Lately, he has been wearing this perfume. Is he trying to seduce me of what? I’m scared when thinking of that. Is he trying to pull my leg? I don’t get it. He almost drown me with that fragrance. That time, I didn’t realize. I have been caught one of his web.

He pull me with his prank, I was shock. I didn’t know. I asked my friends, I was totally caught off guard. They looked pissed off(the girls). He apologized and laughing. Darn, how could he done that, I barely known him. I asked my fake friend but instead she ignored me. I just ignore and keep on talking to her.

Without me knowing, he has been watched me. It send chill down to my spine.
I can sense it, luckily I always messed up with fashion. I looked like a homeless people, I’m fine with it way to go sis!

I sense it, whenever I tried to talk with other boy, he doesn’t seem pleasant. Always avert his eyes and mumble under his breath and clenched his fist.

When I was caught with unexpected situation he will stand beside me and help me. I appreciate that. One day, one of the boys trying to hit on me by standing beside me. He feel threatening and push him a little and stand beside me.

“Thanks” I said almost whisper and looked down.

“Not at all”, his lips curled up and form a small smile.
“If there anything you want, I’ll try my best to do it. So, do you have any wish?”, I asked. I should say that.

Be mine, he tone was different. He was dead serious.
I was so shock. Almost feel like I didn’t take a breath for a moment. I laughed to cover that.

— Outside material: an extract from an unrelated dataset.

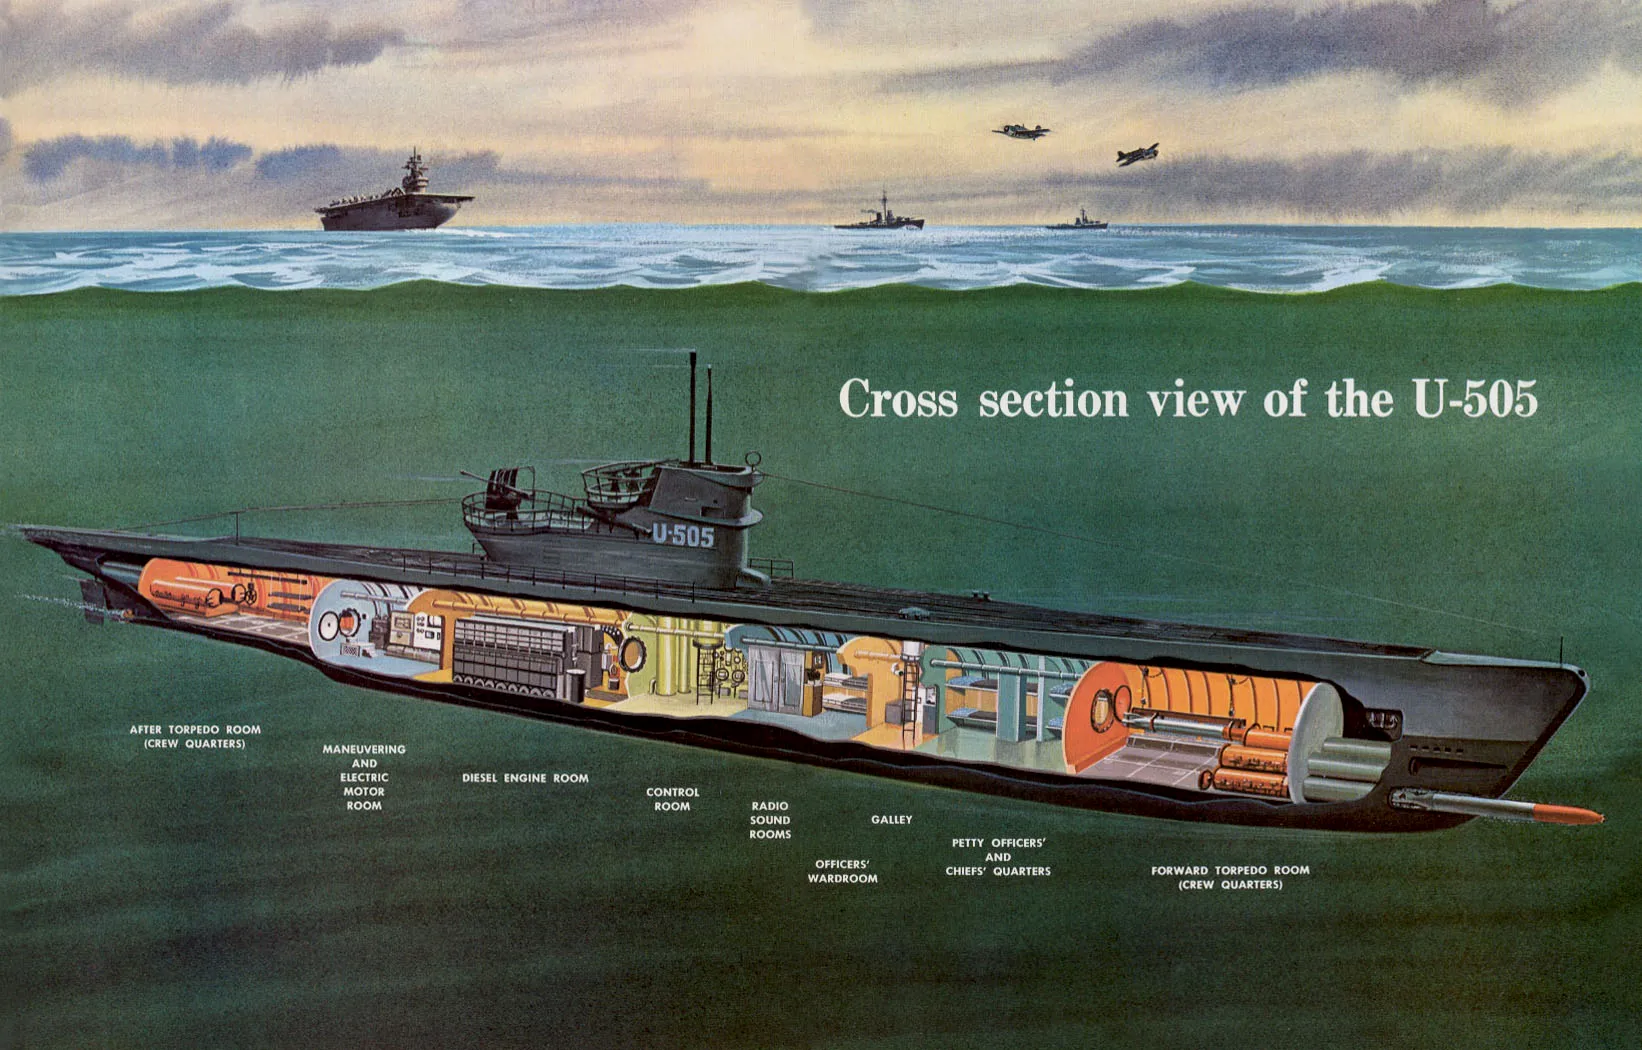 电影《U-571》讲述了美军夺取U艇密码机的故事，实际上是基于U-505捕获行动的（大致基于）

“You always make a joke. Nice one there”, I said and looked around. Luckily, the teacher has arrived.
I took a glance and I couldn’t hear his voice but I could read his lips movement.

One day youre mine and Im will make that to happen

He looked up and smile at me. I run and hug my friend. Terrified, that’s the best emotion I could feel.

I manage to run away, staying my fake friend and talking bullshit. She doesn’t understand me. Well, I just watch people weakness man. I’m mean.
After a long months, stop talking with him .I take the chance to go around my college. It’s pretty old and the maintenance there was sucks. Well, my luck doesn’t go anywhere. World sure is small. I meet all of them in the tennis court. Darn, my favorite place. I ran, they notice me and call my name. I hate it! They didn’t call me. Not once.

I took the step to faced my fear and walk towards the tennis court, they on the second court, the first court had been competition among the lecturers. I like the way they sung the tennis racket and smashed it. I saw him. He sat on the judges’ chair. He climbed down and look sat me behind bars. Tilt his head like a puppy and keep on looking at me.
 I felt anxious because I know he was looking at me because behind me there was no one. Not a slight figure. My heart beats harder I turn the volume as I was hearing Animals by Maroon Five. I dare looked at him, to make him look away instead he keep on looking at me. I gave up and wave awkwardly at him, give a little smile.
He confirm who I am, and wave back at me. I turn my face and focus on the game. Maybe because I was carried away with the game, I let out a small moan as my groups I cheer lose.
 For instant, I taught he will walk away and focus on our leader games. Instead, the court door gave a small crack sound, he step his foot outside the field. I was scared, I keep on praying he did not climbed the stare. I saw his lips moved, he was talking to me. I didn’t hear, I walk weakly to him and unplugged one of my earphone and talk to him.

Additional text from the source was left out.